Software Engineering for 2.0

I've been thinking about what I do as a software engineer for a while, as there seems to be a common thread through the kinds of projects and teams that I'm drawn toward and I wanted to write a few blog posts on this topic to sort of collect my thoughts and see if these ideas resonated with anyone else.

I've never been particularly interested in building new and exciting features. Hackathon's have never held any particular appeal, and the things I really enjoy are working on are on the spectrum of "stabilize this piece of software," or "make this service easy to operate" or "refactor this code to make support future development" and less "design and build some new feature." Which isn't to say that I don't like building new features or writing code, but that I'm more driven by the code and supporting my teammates than I am by the feature.

I think it's great that I'm different from software engineers who are really focused on the features, both because I think the tension between our interests pushes both classes of software engineer to do great things. Feature development keeps software and products relevant and addresses users' needs. Stabilization work makes projects last and reduces the incidence of failures that distract from feature work, and when there's consistent attention paid to aligning infrastructure [1] work with feature development of the long term, infrastructure engineers can significantly lower the cost of implementing a feature.

The kinds of projects that fall into these categories inculde the following areas:

  • managing application state and workload in larger distributed contexts. This has involved designing and implementing things like configuration management, deployment processes, queuing systems, and persistence layers.
  • concurrency control patterns and process lifecycle. In programming environments where threads are available, finding ways to ensure that processes can safely shut down, and errors can be communicated between threads and processes takes some work and providing mechanisms to shutdown cleanly, communicate abort signals to worker threads, and handle communication patterns between threads in a regular and expected way, is really important. Concurrency is a great tool, but being able to manage concurrency safely and predictably and in descret parts of the code are useful.
  • programming model and ergonomic APIs and services. No developers produces a really compelling set of abstractions on the first draft, particularly when they're focused on delivering different kinds of functionality. The revision and iteration process helps everyone build better software.
  • test infrastructure and improvements. No one thinks tests should take a long time or report results non-deterministically, and yet so many test are. The challenge is that tests often look good or seem reasonable or are stable when you write them, and their slow runtimes compound overtime, or orthogonal changes make them slower. Sometimes adding an extra check in some pre-flight test-infrastructure code ends ups causing tests that had been just fine, thank you to become problems. Maintaining and structure test infrastructure has been a big part of what I've ended up doing. Often, however, working back from the tests, it's possible to see how a changed interface or an alternate factoring of code would make core components easier to test, and doing a cleanup pass of tests on some regular cadence to improve things. Faster more reliable tests, make it possible to develop with greater confidence.
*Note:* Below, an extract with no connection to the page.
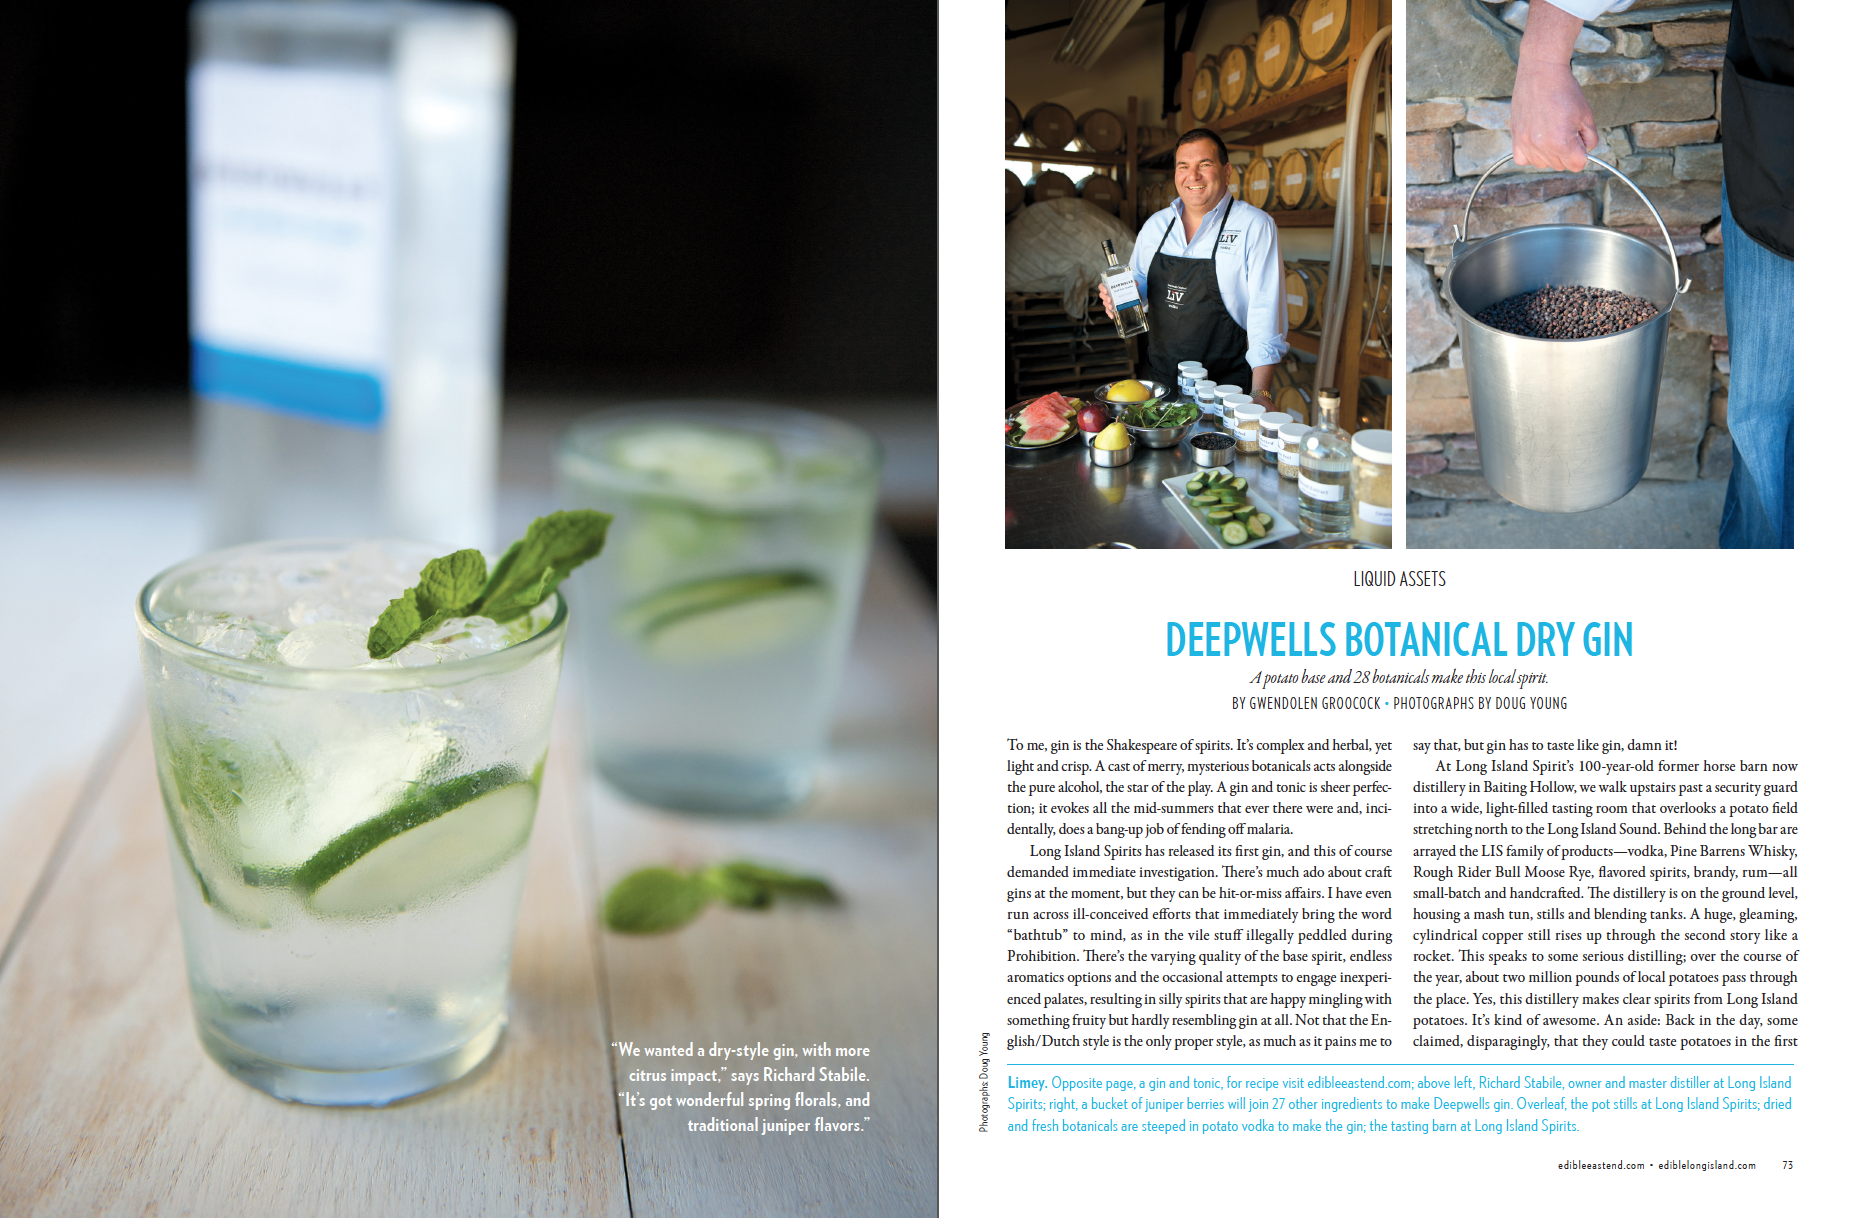 Deepwells Botanical Dry Gin (1 of 3)

In practice this has included:

  • changing the build system for a project to produce consistent artifacts, and regularizing the deployment process to avoid problems during deploy.
  • writing a queuing system without any extra service level dependencies (e.g. in the project's existing database infrastructure) and then refactoring (almost) all arbitrary parallel workloads to use the new queuing system.
  • designing and implementing runtime feature flagging systems so operators could toggle features or components on-and-off via configuration options rather than expensive deploys.
  • replacing bespoke implementations with components provided by libraries or improving implementation quality by replacing components in-place, with the goal of making new implementations more testable or performant (or both!)
  • plumbing contexts (e.g. Golang's service contexts) through codebases to be able to control the lifecycle of concurrent processes.
  • implementing and migrating structured logging systems and building observability systems based on these tools to monitor fleets of application services.
  • Refactoring tests to reuse expensive test infrastructure, or using table-driven tests to reduce test duplication.
  • managing processes' startup and shutdown code to avoid corrupted states and efficiently terminate and resume in-progress work.

When done well (or just done at all), this kind of work has always paid clear dividends for teams, even when under pressure to produce new features, because the work on the underlying platform reduces the friction for everyone doing work on the codebase.

[1]It's something of an annoyance that the word "infrastructure" is overloaded, and often refers to the discipline of running software rather than the parts of a piece of software that supports the execution and implementation of the business logic of user-facing features. Code has and needs infrastructure too, and a lot of the work of providing that infrastructure is also software development, and not operational work, though clearly all of these boundaries are somewhat porous.